Взаимодействие белок-липид - это влияние мембранных белков на липид физическое состояние или наоборот.
Вопросы, которые имеют отношение к пониманию структуры и функции мембраны: 1) Связываются ли внутренние мембранные белки с липидами (см. кольцевая липидная оболочка ), и какова природа липидного слоя, прилегающего к белку? 2) Оказывают ли мембранные белки дальнодействующие эффекты на порядок или динамику мембранных липидов? 3) Как липиды влияют на структуру и / или функцию мембранных белков? 4) Как белки периферической мембраны, которые связываются с поверхностью слоя, взаимодействуют с липидами и влияют на их поведение?
Большие исследовательские усилия включает в себя подходы, позволяющие узнать, имеют ли белки сайты связывания, специфичные для определенных липидов, и можно ли считать белково-липидные комплексы долгоживущими, порядка времени, необходимого для обновления типичного фермента, то есть 10 сек. Теперь это известно благодаря использованию методов H-ЯМР, ESR и флуоресцентных методов.
Для измерения относительной аффинности связывания липидов со специфическими мембранными белками используются два подхода. Они включают использование аналогов липидов в восстановленных фосфолипидах везикулах, содержащих интересующий белок: 1) Спин-меченные фосфолипиды ограничиваются движением, когда они прилегают к мембране белки. Результатом является уширенная компонента в спектре ЭПР. Экспериментальный спектр может быть проанализирован как сумма двух компонентов, быстро переворачивающегося вида в «основной» липидной фазе с резким спектром и компонента , ограниченного движением, смежного с белком. Денатурация мембранного белка вызывает дальнейшее расширение спектра спиновых меток ESR и проливает больше света на взаимодействия мембранных липидов и белков. 2) Спин-меченые и бромированные липидные производные способны гасить внутреннюю флуоресценцию триптофана из мембранных белков. Эффективность тушения зависит от расстояния между производным липида и флуоресцентными триптофанами.
Большинство экспериментов H-ЯМР с дейтерированными фосфолипидами демонстрируют, что присутствие белков мало влияет на любой из параметров порядка липидов в бислое или липидную динамику, измеренную по временам релаксации. Общее мнение, полученное в результате экспериментов ЯМР, таково: 1) скорость обмена между граничными и свободными липидами быстрая (10 сек), 2) что параметры порядка связанного липида практически не зависят от его соседства с белками, 3) что динамика переориентаций ацильной цепи замедляется незначительно в диапазоне частоты 10 секунд, и 4) ориентация и динамика полярных головных групп аналогичным образом не подвержены никаким существенным изменениям, будучи смежными с трансмембранными белками.
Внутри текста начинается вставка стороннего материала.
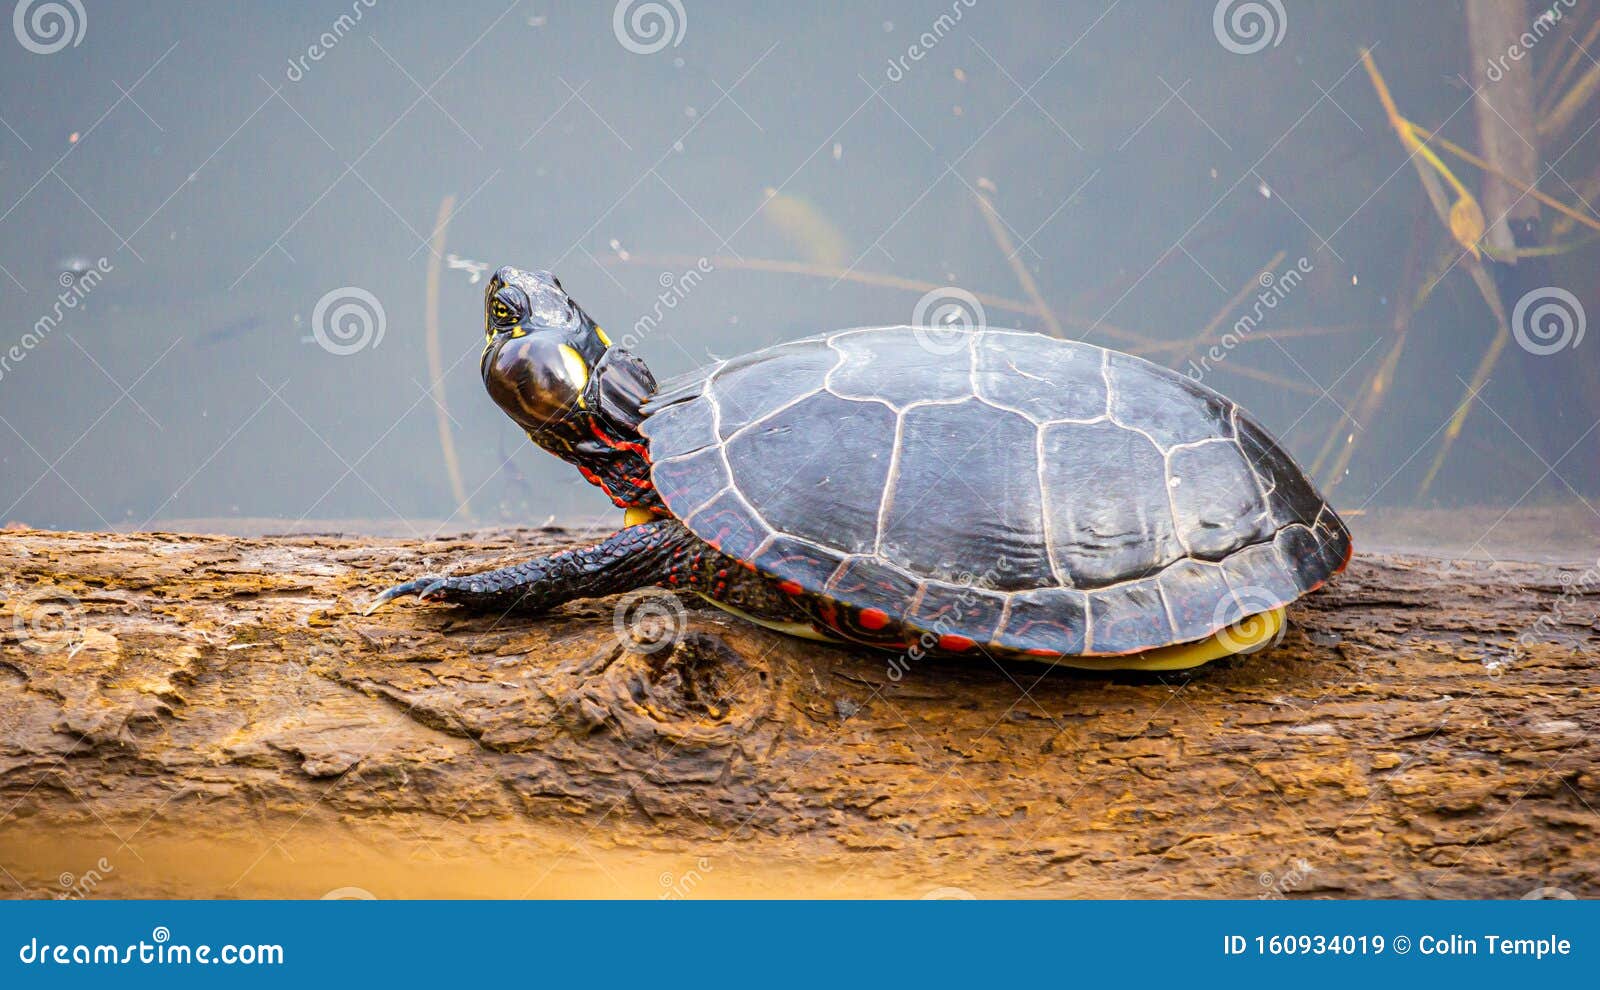 painted turtle on a log

Спектр 13С-ЯМР также дает информацию о специфических липидно-белковых взаимодействиях биомембран
Недавние результаты с использованием немеченых оптических методов, таких как интерферометрия двойной поляризации, которые измеряют двулучепреломление (или порядок) в липидных бислоев были использованы для демонстрации того, как взаимодействия пептидов и белков могут влиять на порядок бислоя, в частности, демонстрируя связь в реальном времени с двухслойным и критической концентрацией пептида, после которой пептиды проникают и нарушают порядок бислоя.
Твердотельные методы ЯМР могут дать подробную информацию о динамике отдельных аминокислотных остатков внутри мембранного белка. Однако для этих методов могут потребоваться большие количества (100–200 мг) изотопно-меченых белков, и они наиболее информативны при применении к небольшим белкам, где возможно определение спектроскопии.
Многие белки периферической мембраны связываются с мембраной, главным образом, посредством взаимодействий с интегральными белками мембраны. Но существует разнообразная группа белков, которые непосредственно взаимодействуют с поверхностью липидного бислоя. Некоторые, такие как основной белок миелина и спектрин, играют в основном структурные роли. Ряд водорастворимых белков может связываться с поверхностью бислоя временно или при определенных условиях.
Процессы неправильной укладки, обычно обнажающие гидрофобные области белков, часто связаны со связыванием с липидными мембранами и последующей агрегацией, например, во время нейродегенеративных расстройств, нервного стресса и апоптоз.